Classification refers to the degree of differentiation and boundaries between
subjects. While it has been argued throughout this chapter that the key
competencies are context-specific, and require students to be able to utilise both knowledge and cognitive strategies in their learning, and to demonstrate they are developing the valued attitudes and behaviours as part of this process, the official curriculum does not provide specific guidance in the learning areas on what needs to be taught. Framing refers to how the knowledge is transmitted through pedagogic
practices, and the degree of control teachers and students have over the ‘selection, sequencing, pacing and criteria for what transmitted and received in the pedagogical relationship. With strong framing, control lies with the teacher, whereas with weak framing control lies apparently with the student (Bernstein, 2000, p. 99). As Bernstein (2000) notes, although the framing carries the message to be reproduced, there is always pressure on the pedagogic discourse and practice, and a struggle over the nature of the ‘symbolic’ control. As discussed throughout this literature review, there are a number of struggles for control of the pedagogic device, from sources both internal and external to the school. He suggests that where there is pressure to change the intent (or in Bernstein’s theory, ‘elaborated orientation’); classification, or framing, from strong to weak, or visa-versa, that the following questions need to be asked:
1. Which group is responsible for initiating the change? Is the change initiated by a dominant group or a dominated group?
2. If values [strong or weak] are weakening, what values still remain strong? (Bernstein, 2000, p. 15)
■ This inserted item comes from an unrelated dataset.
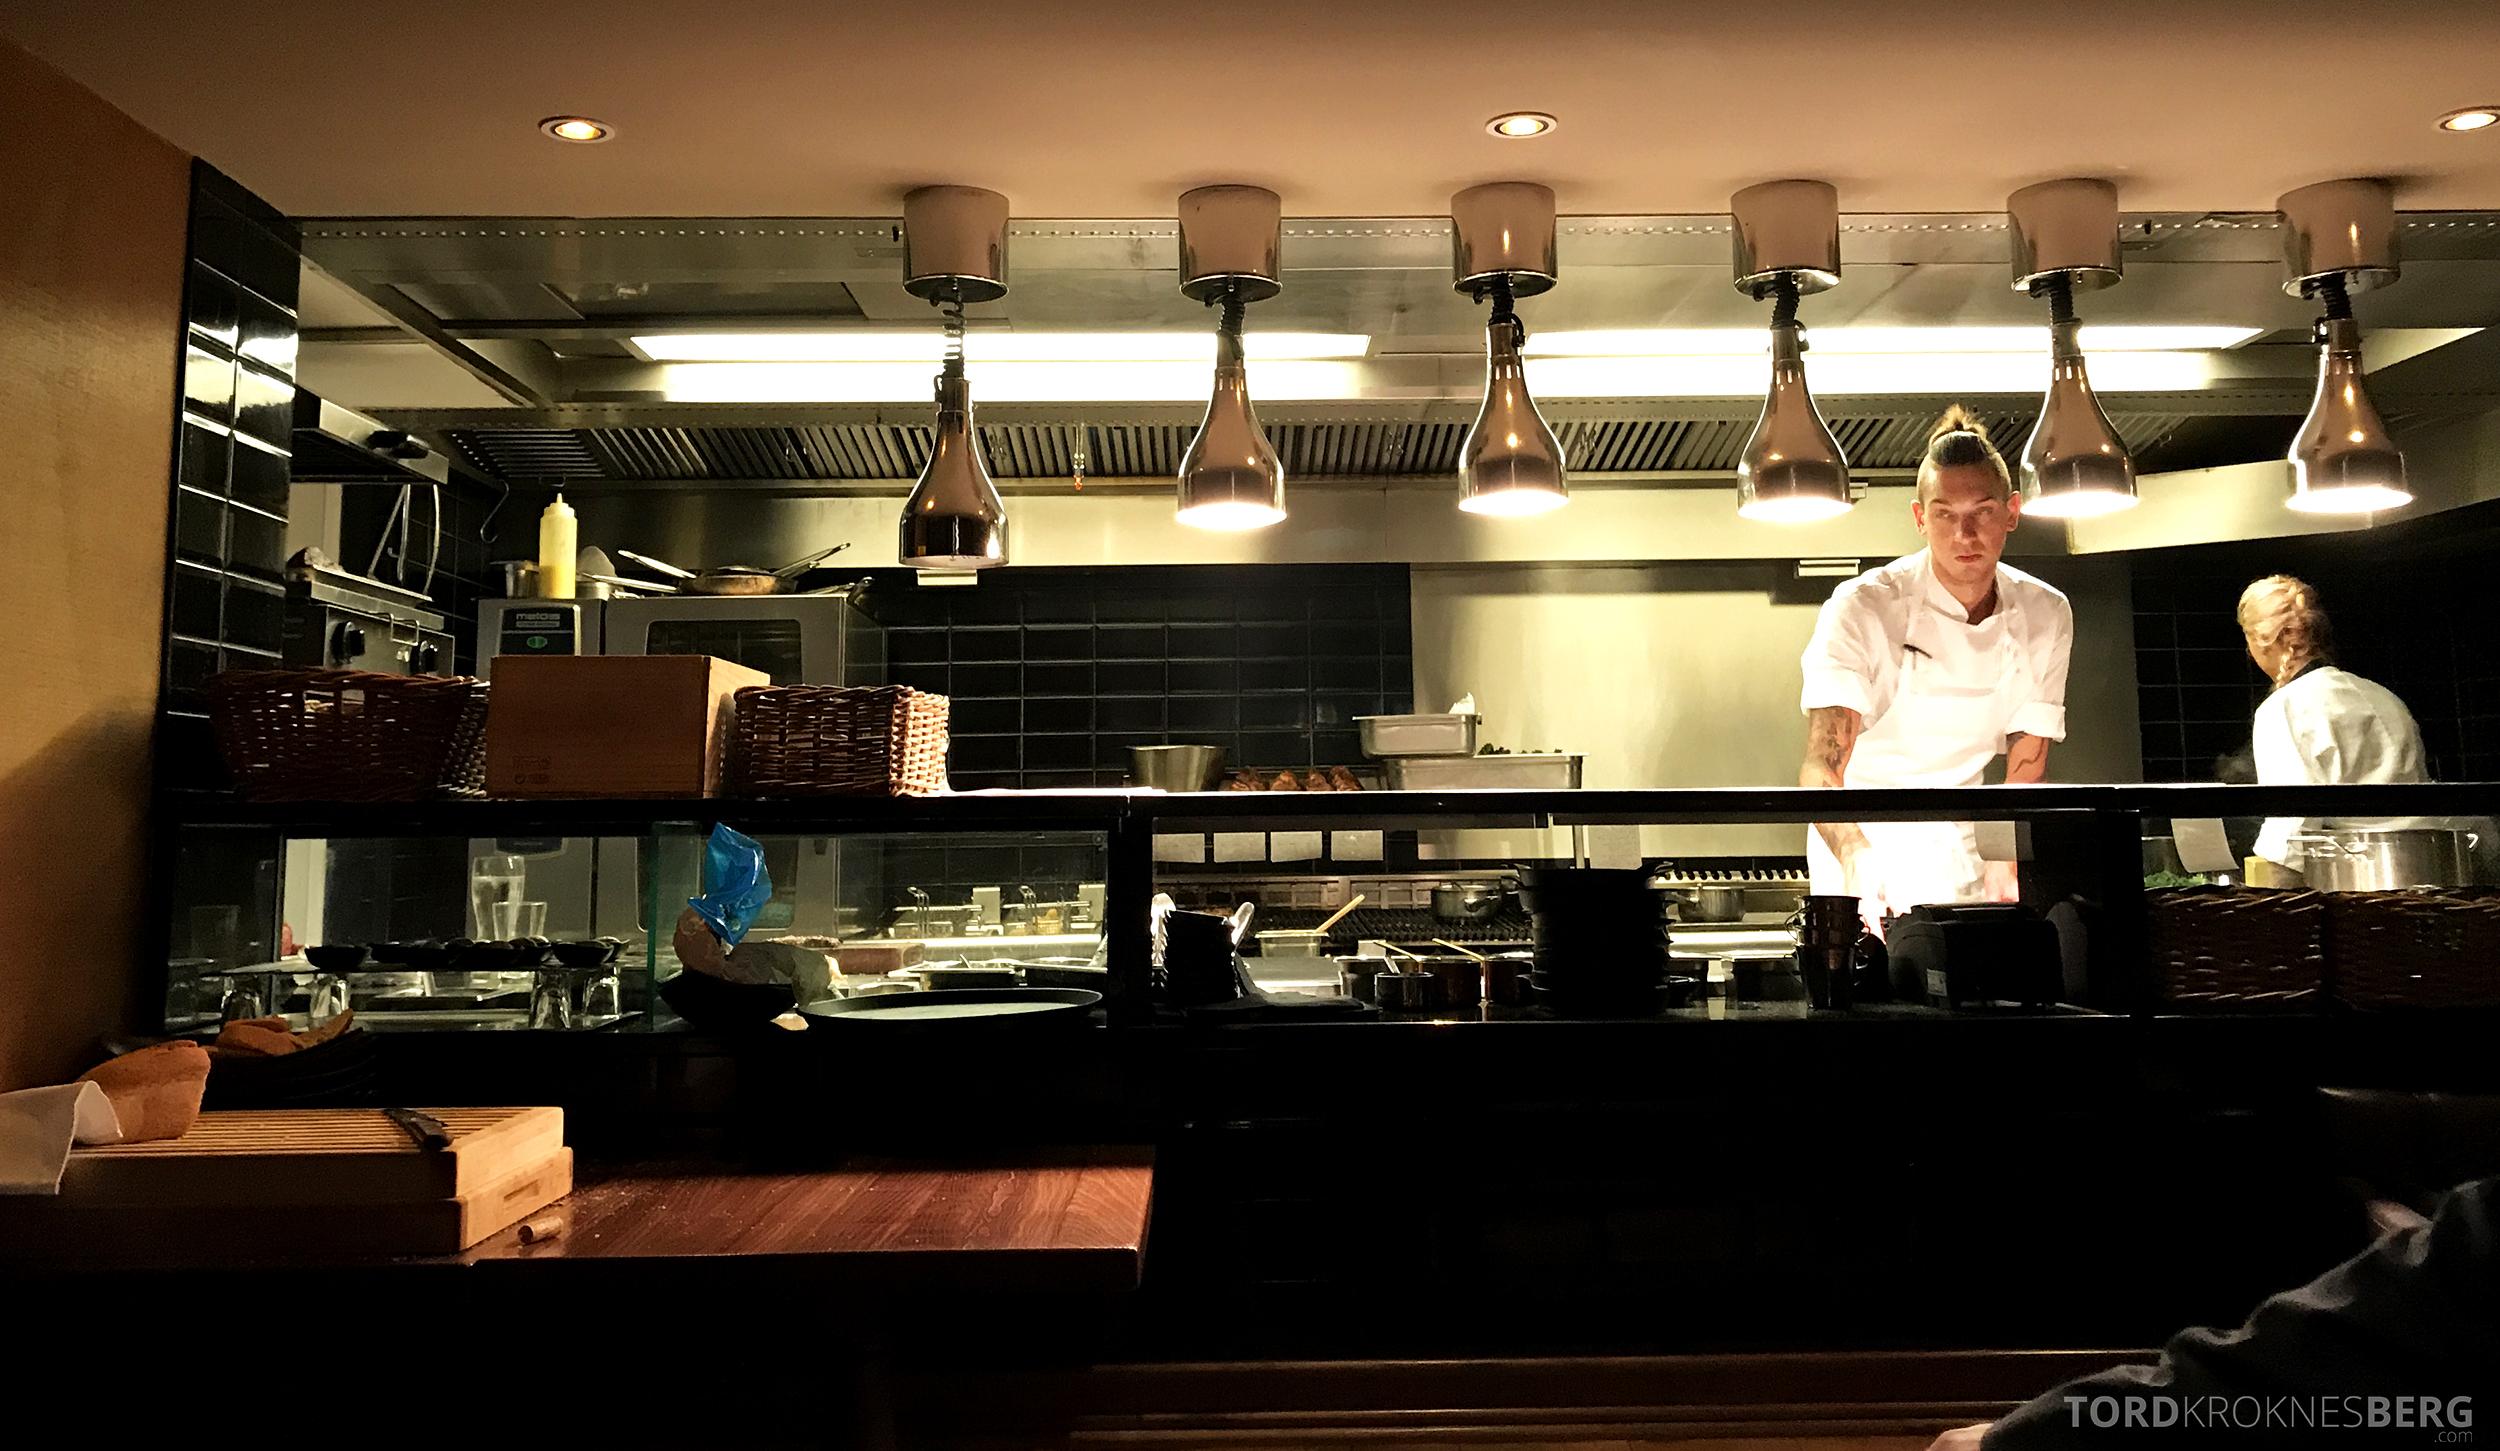 Emilies Eld Restaurant Trondheim åpent kjøkken

Takayama (2013) questions how much of the post-modern capabilities are actually shaped by the school’s pedagogic interventions, and sees them as much more
strongly influenced by children’s socio-economic backgrounds. He challenges the way that the concept of key competencies has been separated from the original lifelong policy discourse and the ability to achieving equitable outcomes when it becomes solely located in PISA and national educational policies. He sees this as side-lining the roles of ‘the family, voluntary associations, religious organizations, cultural activities, recreational activities, and the workplace’; contexts that Rychen and Salganik (2000a, p. 72) acknowledge as critical complements to school-based learning, and believes this as placing unrealistic expectations on the role of schools in equalising children’s competencies as learning outcomes. Takayama (2013) argues this ‘decoupling’ fundamentally undermines the potentially equitable implications of key
competencies, and reinforces the existing cultural hierarchy that demonises ‘other’ families and communities whose everyday social interactions with children differs from the desired social ‘norm’ (Bernstein, 2000, 2003). Bernstein (2000) believes that
the opportunity to acquire the desired values, attitudes and motivations can never be equally distributed to all students because those psychosocial resources are tacitly acquired in informal interactions in families and communities. Takayama (2003, p. 77), drawing on Bernstein, argues that the current OECD approach to key
competencies, referring specifically to the Japanese context but also beyond, “fails to recognize material conditions outside school walls as the basis of children’s
psychosocial development, and is likely to perpetuate the ‘deficit’ view of these children, parents and communities”. As the main authors of the OECD key competencies work, Rychen and Salganik (2000a, p. 67) do acknowledge that competency learning is not only a matter of personal effort but more importantly requires “a favourable social and ecological environment, which includes, but goes beyond the satisfaction of basic needs (food, housing, health, etc.)”.